Long Timescale Credit Assignment in NeuralNetworks with External Memory PDF

0.22 MB·

by Steven Stenberg Hansen

#journals #arxiv

Checking for file health...

Download

Upgrade Premium

Most books are stored in the elastic cloud where traffic is expensive. For this reason, we have a limit on daily download.

Download Long Timescale Credit Assignment in NeuralNetworks with External Memory PDF Free - Full Version

by Steven Stenberg Hansen| 0.22

Download Long Timescale Credit Assignment in NeuralNetworks with External Memory by Steven Stenberg Hansen in PDF format completely FREE. No registration required, no payment needed. Get instant access to this valuable resource on PDFdrive.to!

Free Download PDF

About Long Timescale Credit Assignment in NeuralNetworks with External Memory

No description available for this book.

Detailed Information

Author:	Steven Stenberg Hansen
File Size:	0.22
Format:	PDF
Price:	FREE

Download Free PDF

Safe & Secure Download - No registration required

Why Choose PDFdrive for Your Free Long Timescale Credit Assignment in NeuralNetworks with External Memory Download?

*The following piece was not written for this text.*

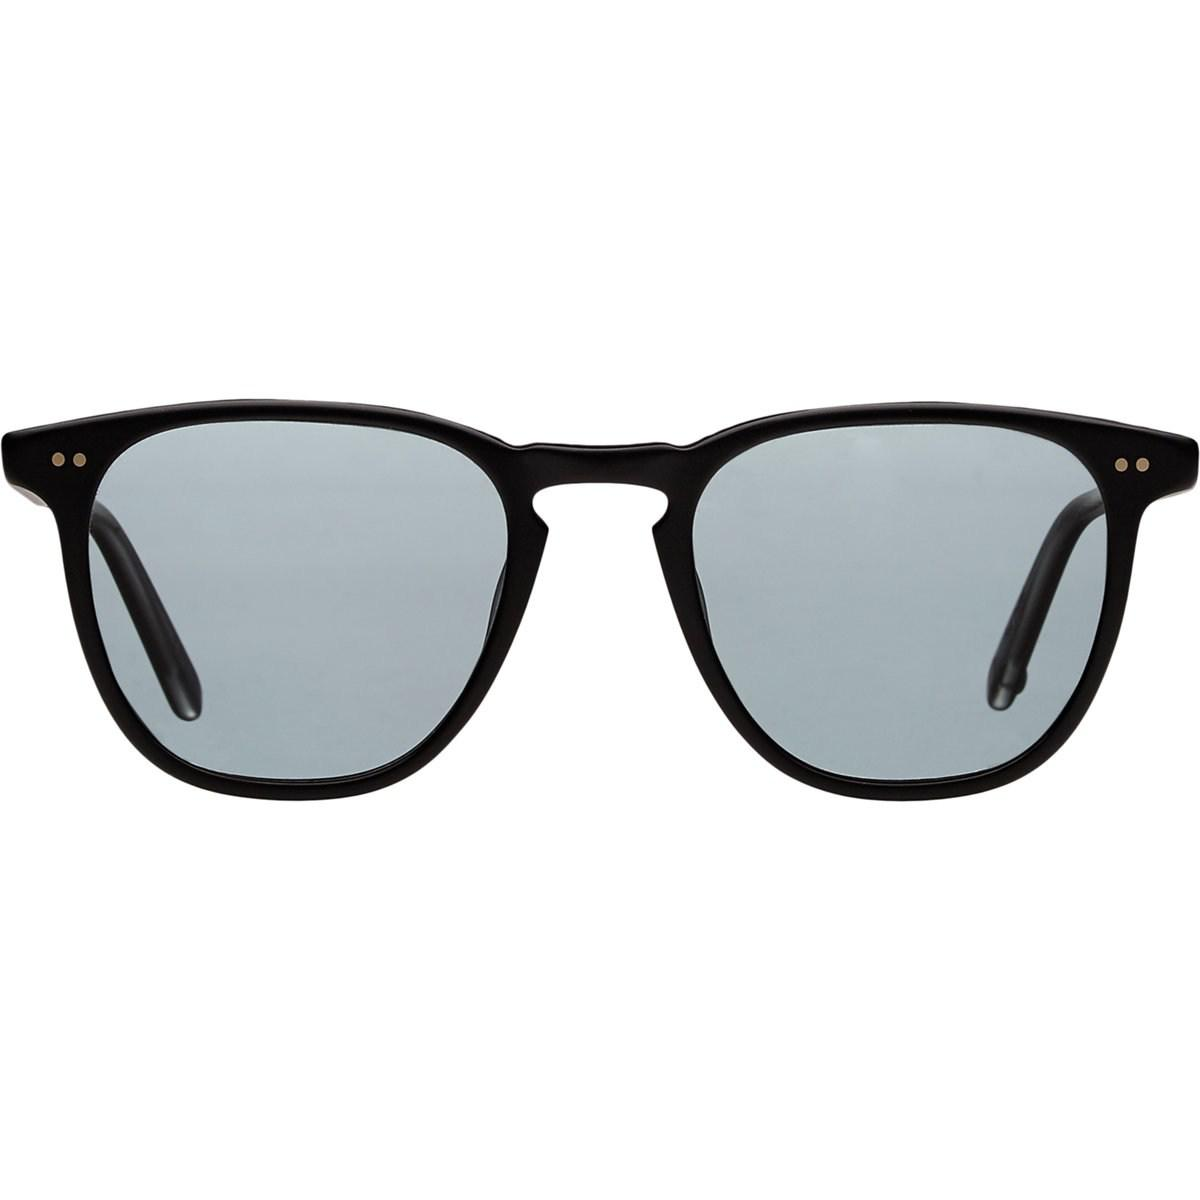 23f1aa79c69 Lyst - Garrett Leight Brooks Sunglasses in Black for Men

100% Free: No hidden fees or subscriptions required for one book every day.
No Registration: Immediate access is available without creating accounts for one book every day.
Safe and Secure: Clean downloads without malware or viruses
Multiple Formats: PDF, MOBI, Mpub,... optimized for all devices
Educational Resource: Supporting knowledge sharing and learning

Frequently Asked Questions

Is it really free to download Long Timescale Credit Assignment in NeuralNetworks with External Memory PDF?

Yes, on https://PDFdrive.to you can download Long Timescale Credit Assignment in NeuralNetworks with External Memory by Steven Stenberg Hansen completely free. We don't require any payment, subscription, or registration to access this PDF file. For 3 books every day.

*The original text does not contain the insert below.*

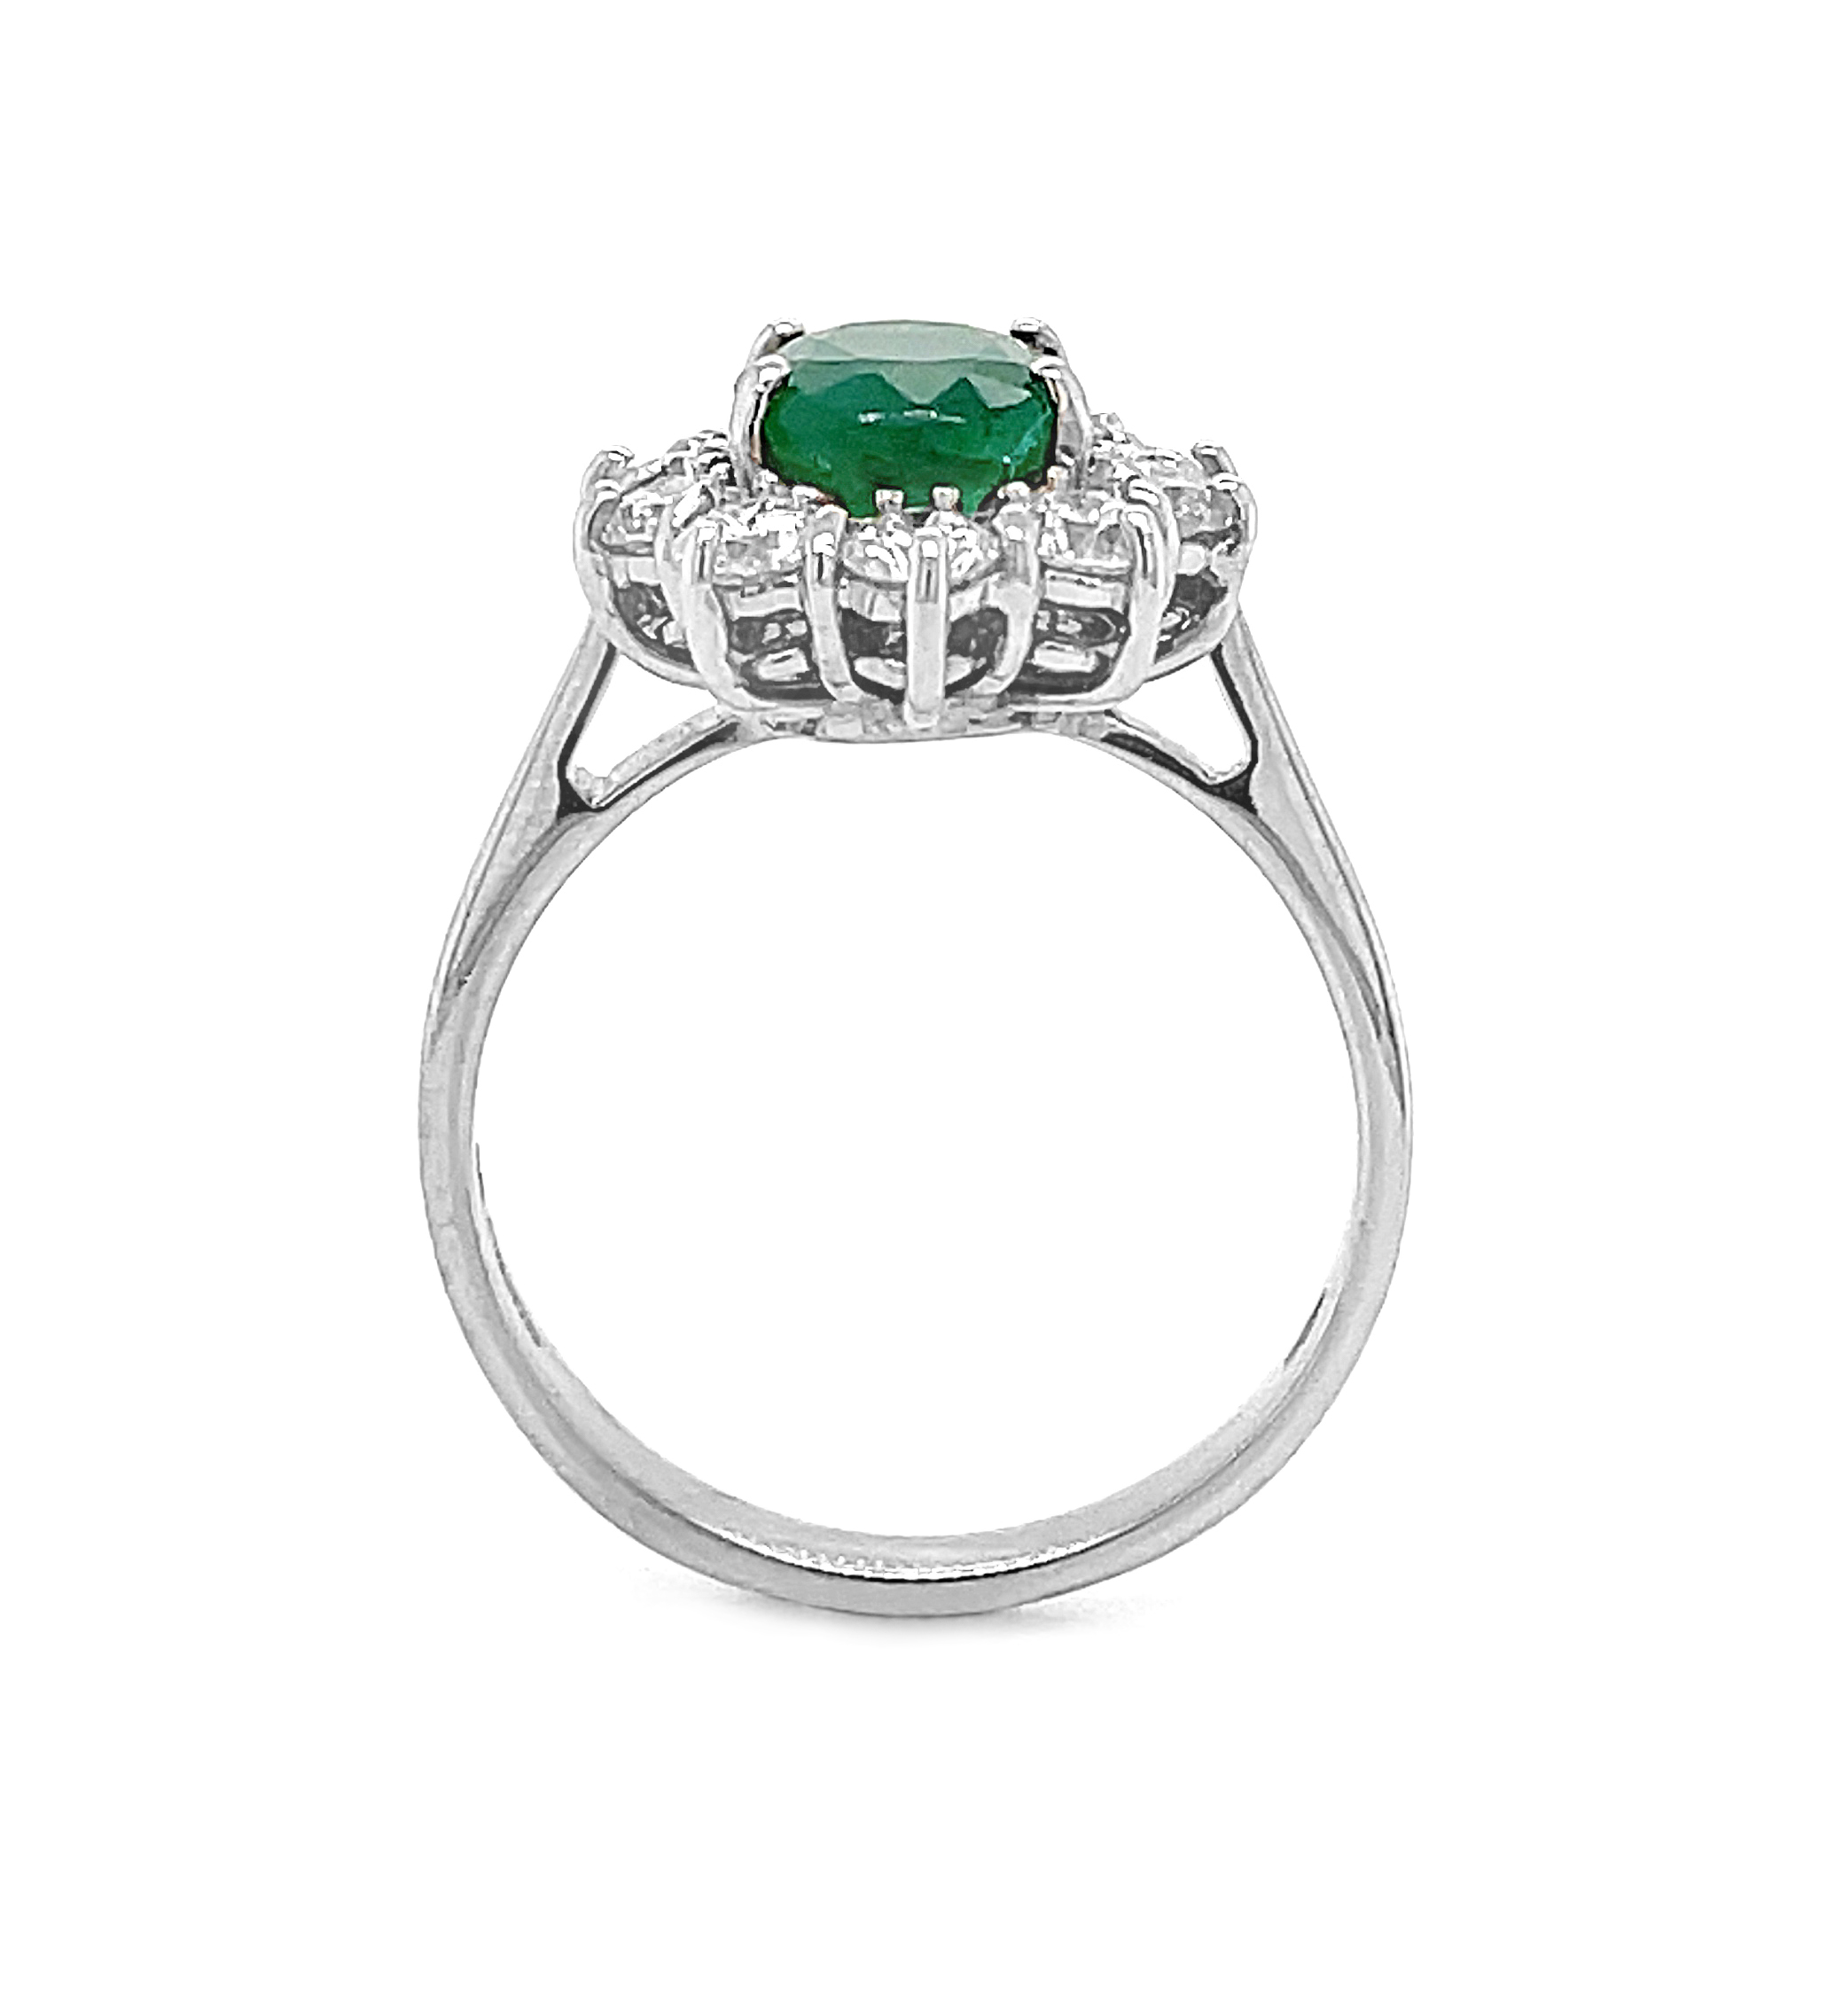 18k White Gold Oval Emerald & Brilliant Cut Diamond Cluster Ring

How can I read Long Timescale Credit Assignment in NeuralNetworks with External Memory on my mobile device?

After downloading Long Timescale Credit Assignment in NeuralNetworks with External Memory PDF, you can open it with any PDF reader app on your phone or tablet. We recommend using Adobe Acrobat Reader, Apple Books, or Google Play Books for the best reading experience.

Is this the full version of Long Timescale Credit Assignment in NeuralNetworks with External Memory?

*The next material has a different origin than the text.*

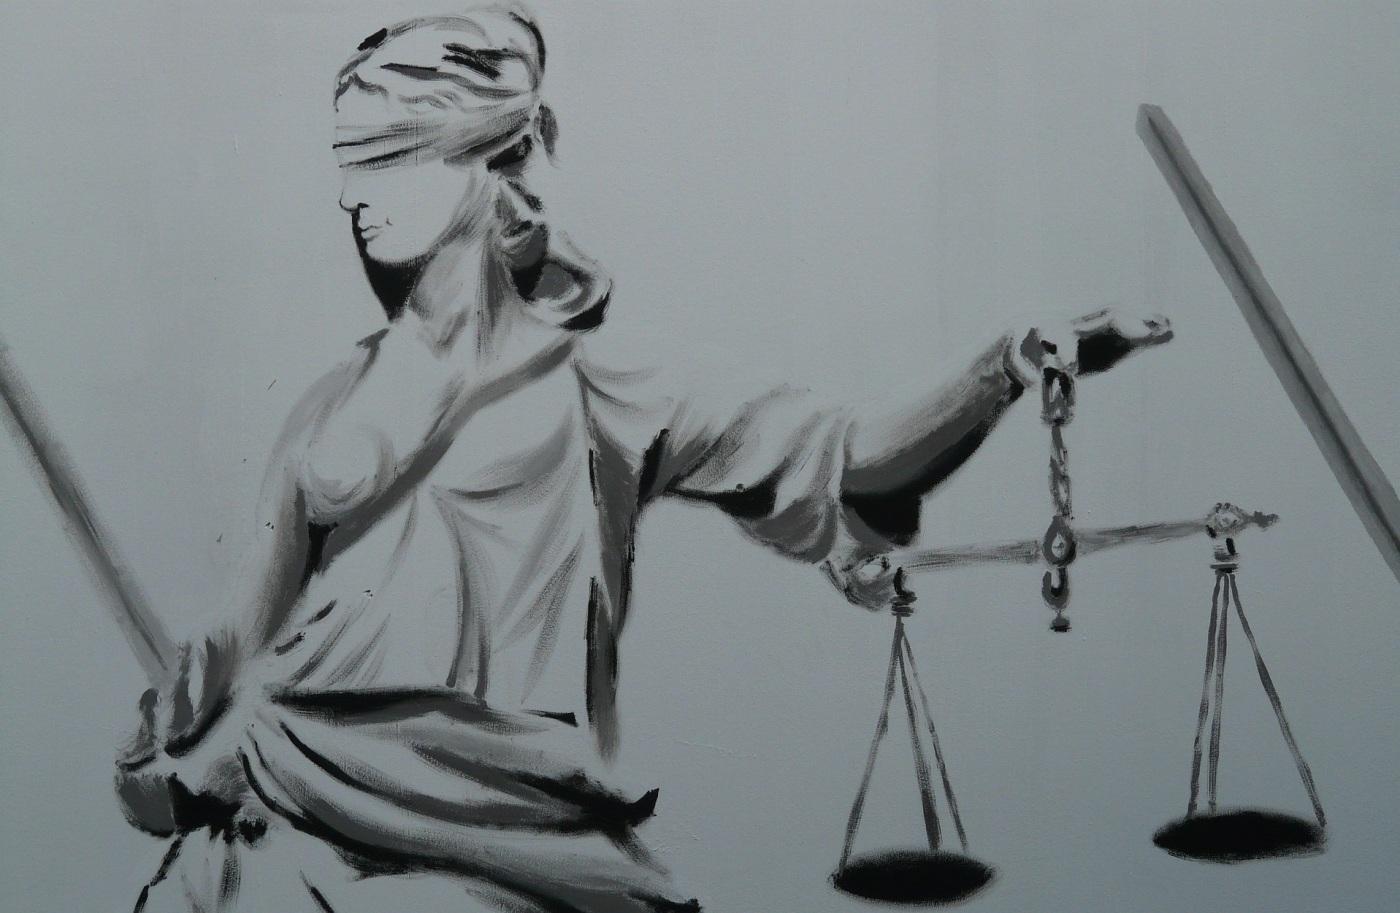 justice-9017_1920

Yes, this is the complete PDF version of Long Timescale Credit Assignment in NeuralNetworks with External Memory by Steven Stenberg Hansen. You will be able to read the entire content as in the printed version without missing any pages.

Is it legal to download Long Timescale Credit Assignment in NeuralNetworks with External Memory PDF for free?

https://PDFdrive.to provides links to free educational resources available online. We do not store any files on our servers. Please be aware of copyright laws in your country before downloading.

The materials shared are intended for research, educational, and personal use in accordance with fair use principles.